Cleaning refrigerators and toilets helps you connect the food cycle at both ends. Making beds reminds you that life-giving activities do not require much space. Hanging laundry on the line offers you a chance to fly prayer flags disguised as bath towels and underwear. If all life is holy, then anything that sustains life has holy dimensions too.  The difference between washing windows and resting in god can be a simple decision: choose the work and it becomes your spiritual practice. – Barbara Brown Taylor

When she could barely walk 20 feet without giving out of my breath, Granny could still bend over to pick up the tiniest piece of fluff from her sparkling floor.  Dishes were always done right away at her house, and the fact that the washer and dryer sat in her kitchen never seemed inconvenient when towels and sheets and curtains needed to be washed almost every day. 

I have much to learn from my granny, much I was gifted to see in the years of her life.  Much I should have asked before she died last week or before her mind slipped more in the past few years.

But I do know a great deal. I know that love comes in the flavor of chocolate fudge frosting and dumplings rolled by hand and even frozen from a package.  I know that favor carries in coffee-flavored water brewed boiling hot in a percolater. I know that family is covering the floor with pallets and sharing kindly the one bathroom in the middle of the house.

I know that it comes in quietness, too, when life is hard – from people who seek all the attention, from snakes that sneak into the floor boards of your house, from the constant work required to keep a house the way it made her feel good to keep it.  I know that love comes in that quiet giggle when we tickled her feet and in the soft stitches of blankets and baby booties knitted by her tiny hands.

Love need not be flashy or big. It need not even extend much beyond the walls of a small brick house on a quiet road in eastern North Carolina.
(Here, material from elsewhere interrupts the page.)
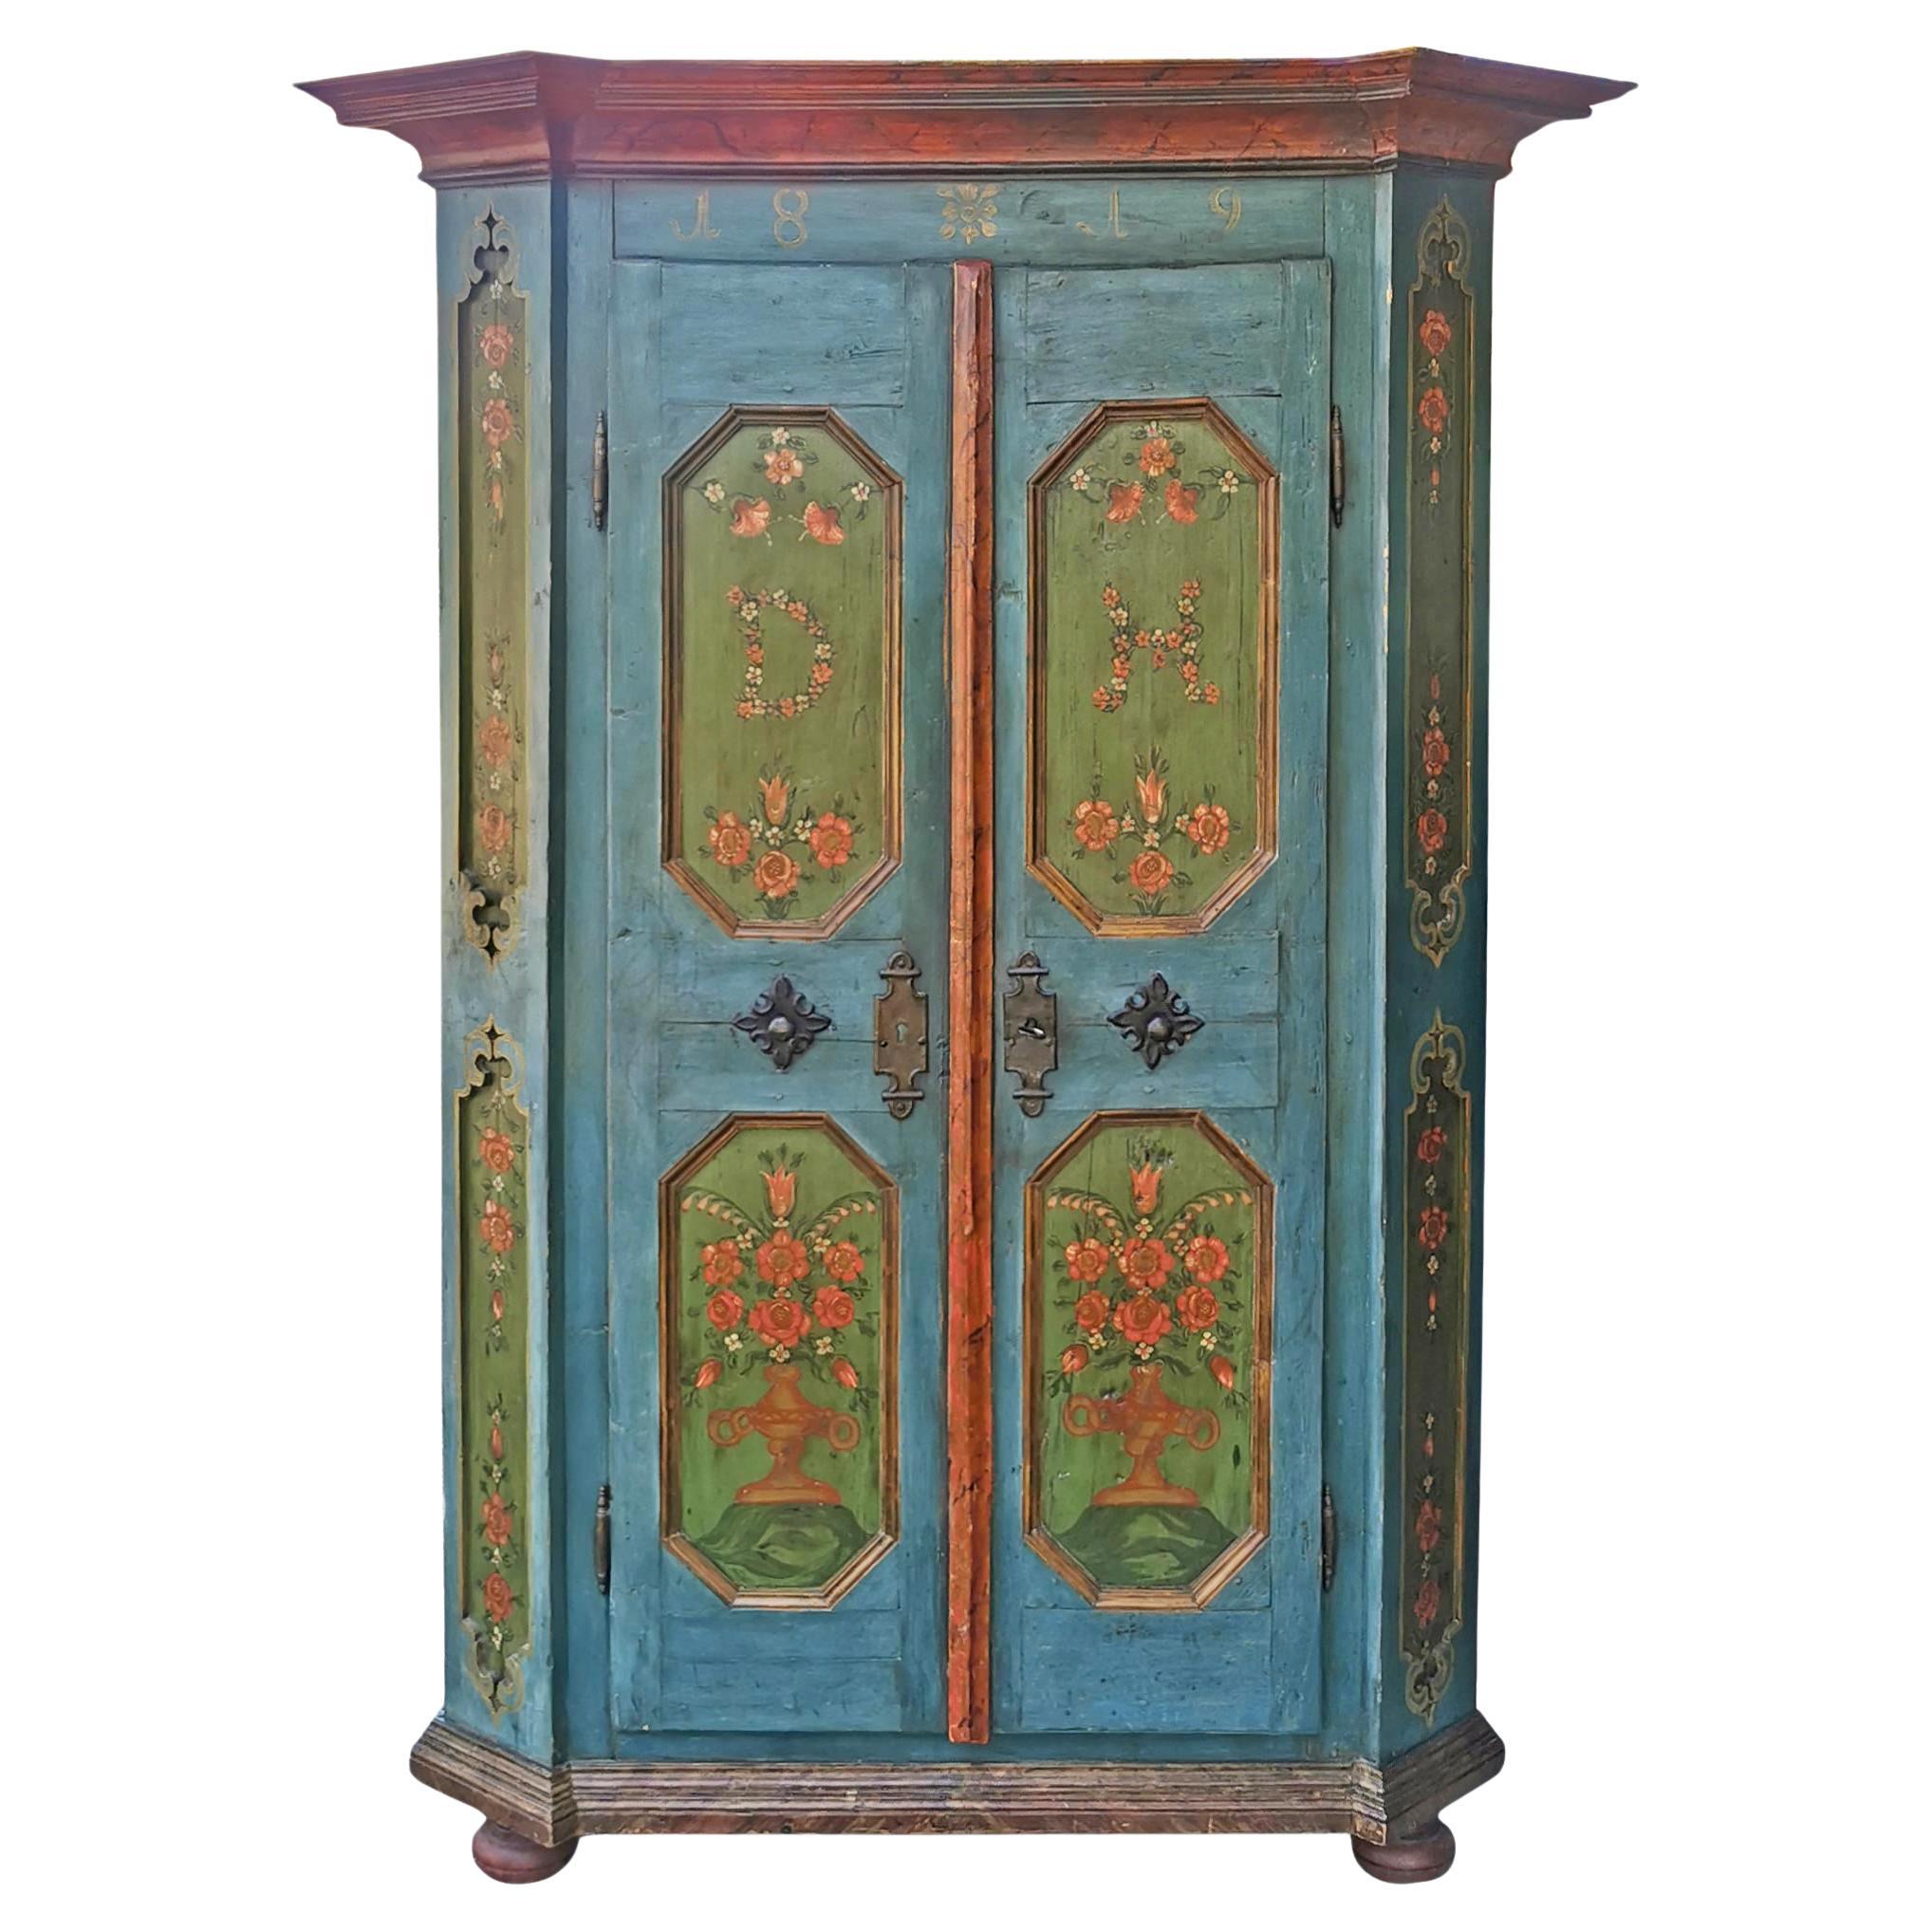 1819 Blu Floral Painted Cabinet, Central Europe

But that love can fill a church and a family. 11 grandchildren, 22 great-grandchildren, 6 great-great grandchildren.  Kind, polite . . . and missing that chocolate syrup for breakfast every day for the rest of our lives.

May God’s Whisper Farm carry Granny’s legacy long into the laundry and the food.  Long into the laughter and the games of Rook.  Long into the years and quiet of dishes washed by hand. Every day.